Intervista esclusiva ad Andrea Villa, l’artista dietro il manifesto 1984 su Chiara Ferragni

/

Se avete passeggiato, pochissimi giorni fa, per le strade diTorino, esattamente in Via Reggio e in Corso Regio Parco, o avete seguito le ultime notizie sul Web e Social Network riguardanti la città di Torino e la Street Art, sicuramente avrete notato un manifesto d’arte che ha attirato l’attenzione di molti: si tratta di un’opera che raffigura la sagoma e il logo di Chiara Ferragni , la famosa influencer e imprenditrice, con la scritta “Big Sister is watching you” su uno sfondo a tema 1984 di George Orwell.

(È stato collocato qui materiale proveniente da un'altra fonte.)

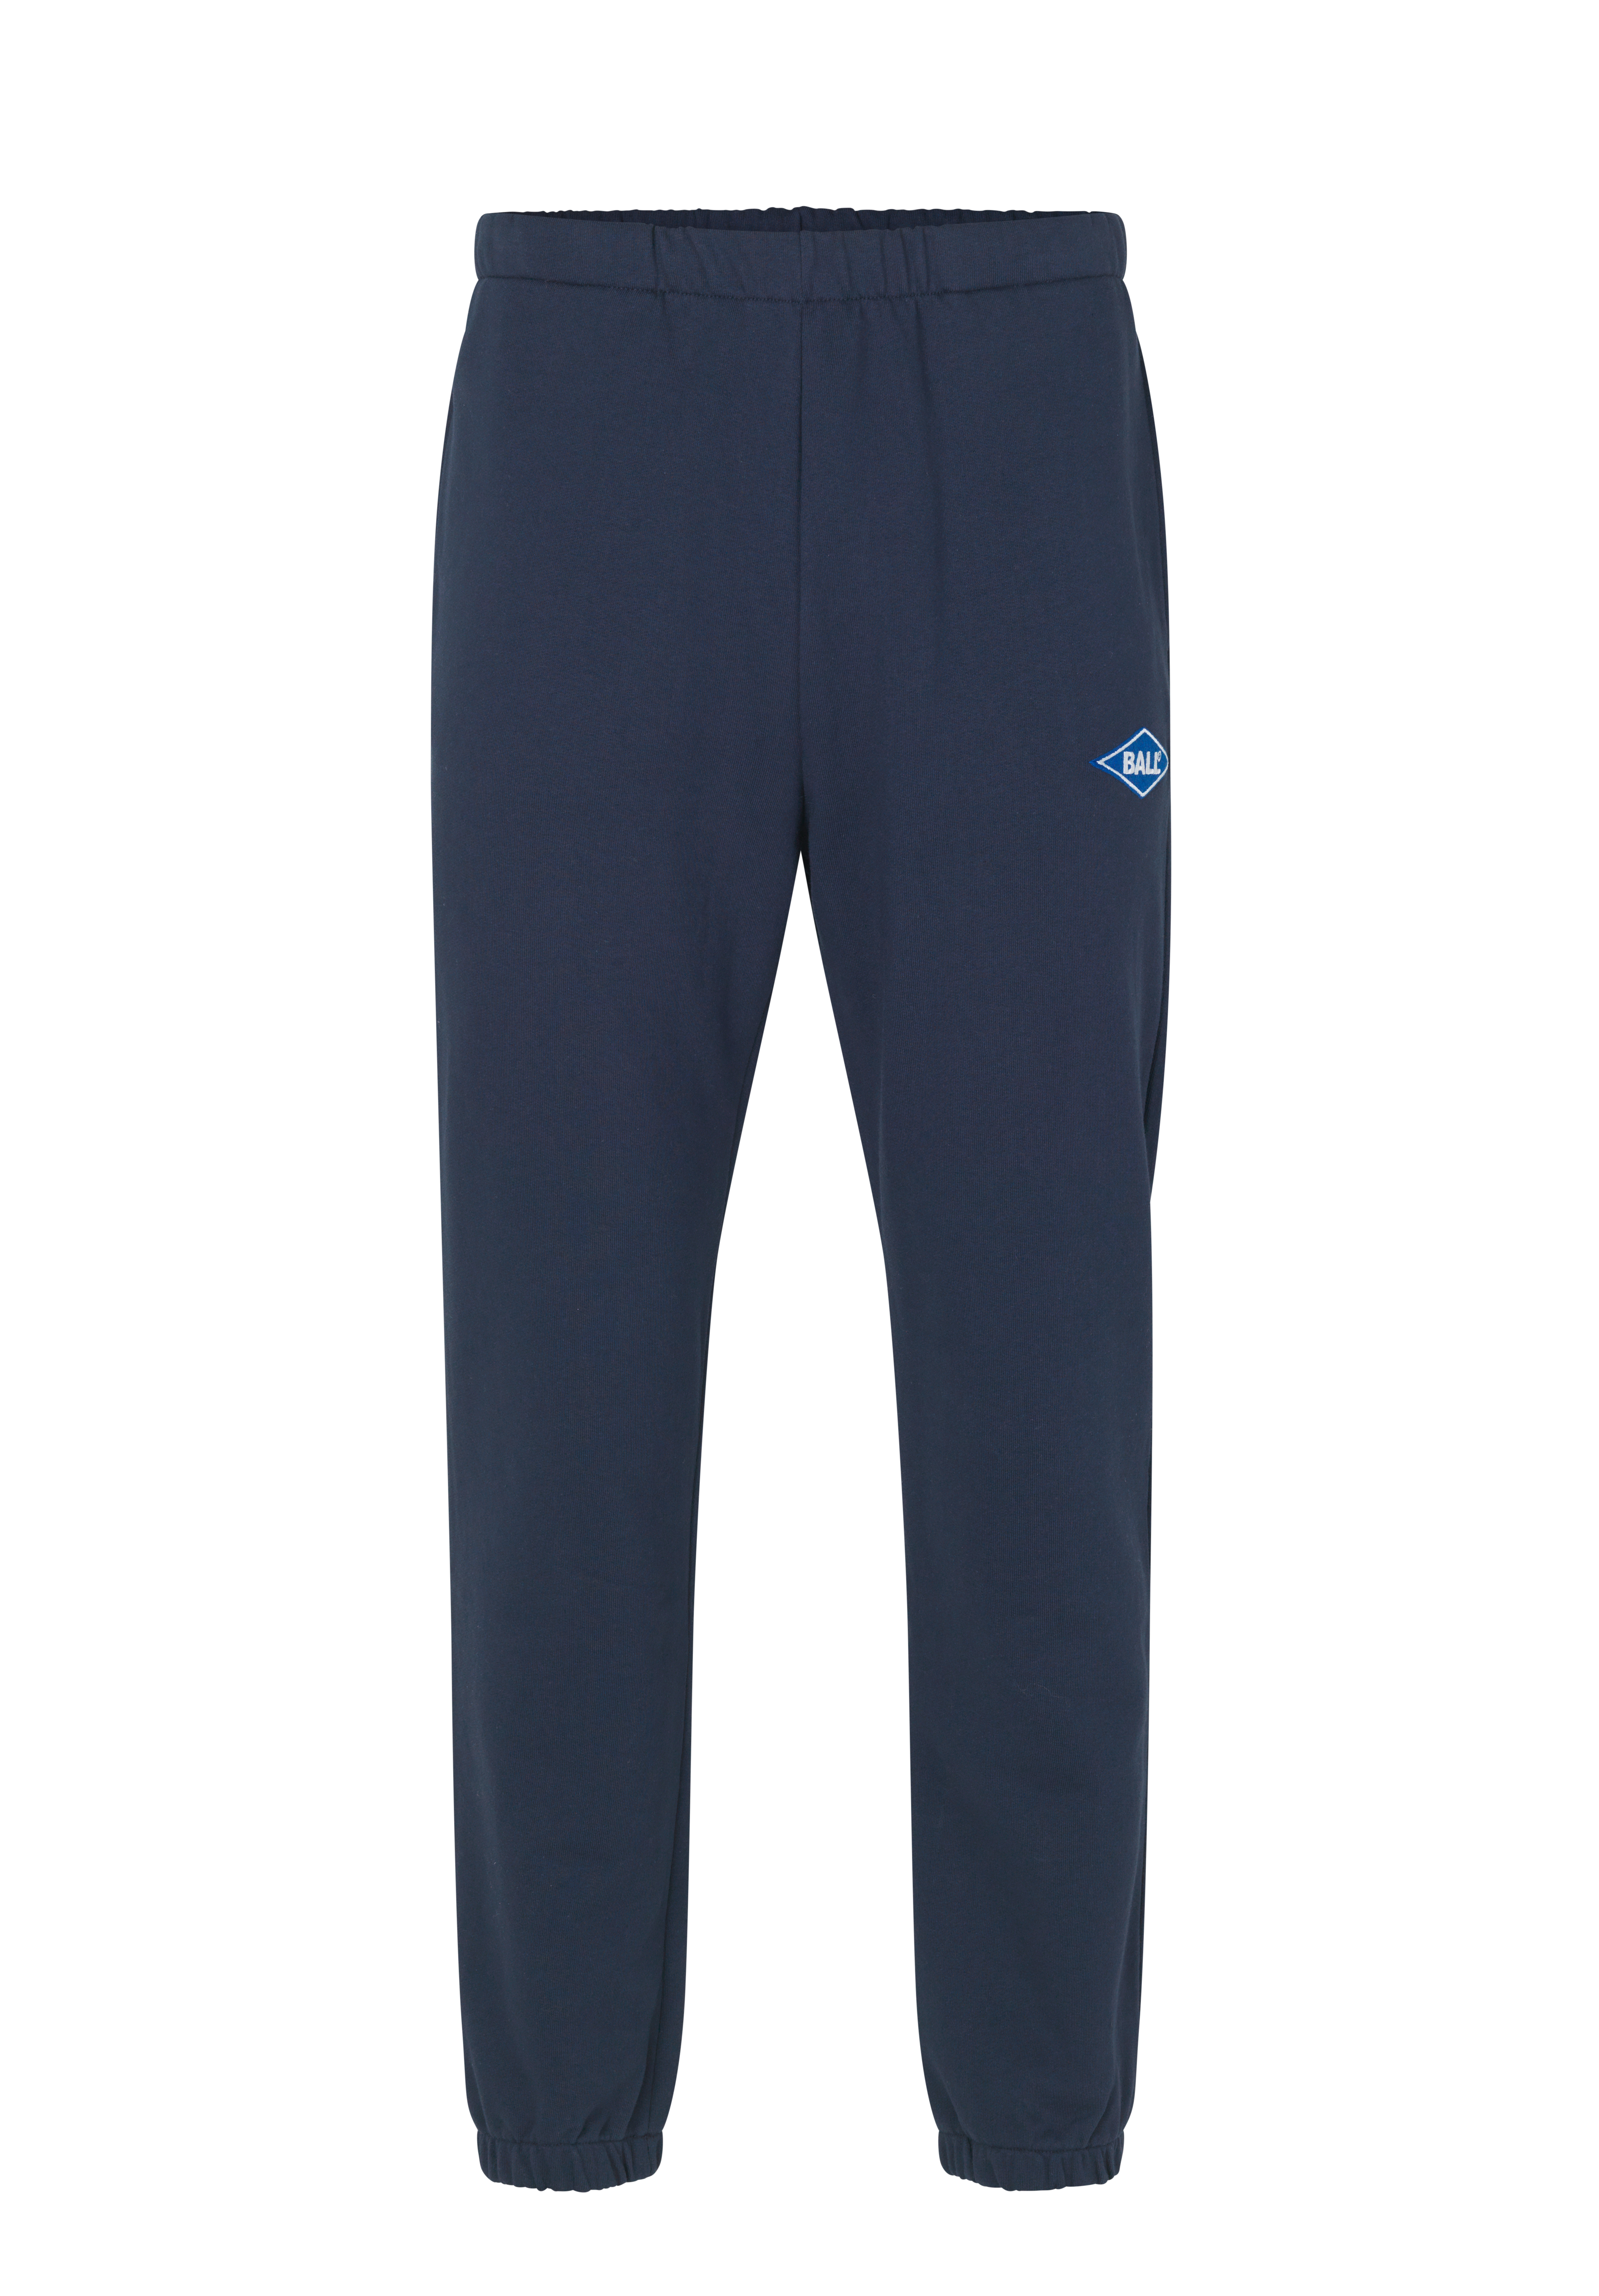 BALL Original Rimini sweatpants, navy, x-large

Quest’ultima impresa artistica, è una conseguenza agli ultimi e attuali fatti che coinvolgono l’imprenditrice digitale e lo scandalo del Pandoro Balocco, venduto nel periodo natalizio2022.

L’opera è un invito alla riflessione che riguarda non soltanto il caso citato.

Il manifesto è firmato da Andrea Villa, artista torinese che si occupa di arte digitale e street art, che ha lasciato un messaggio alla società contemporanea, influenzata dai mass media e dal web, e sul ruolo degli influencer nella formazione dell’opinione pubblica.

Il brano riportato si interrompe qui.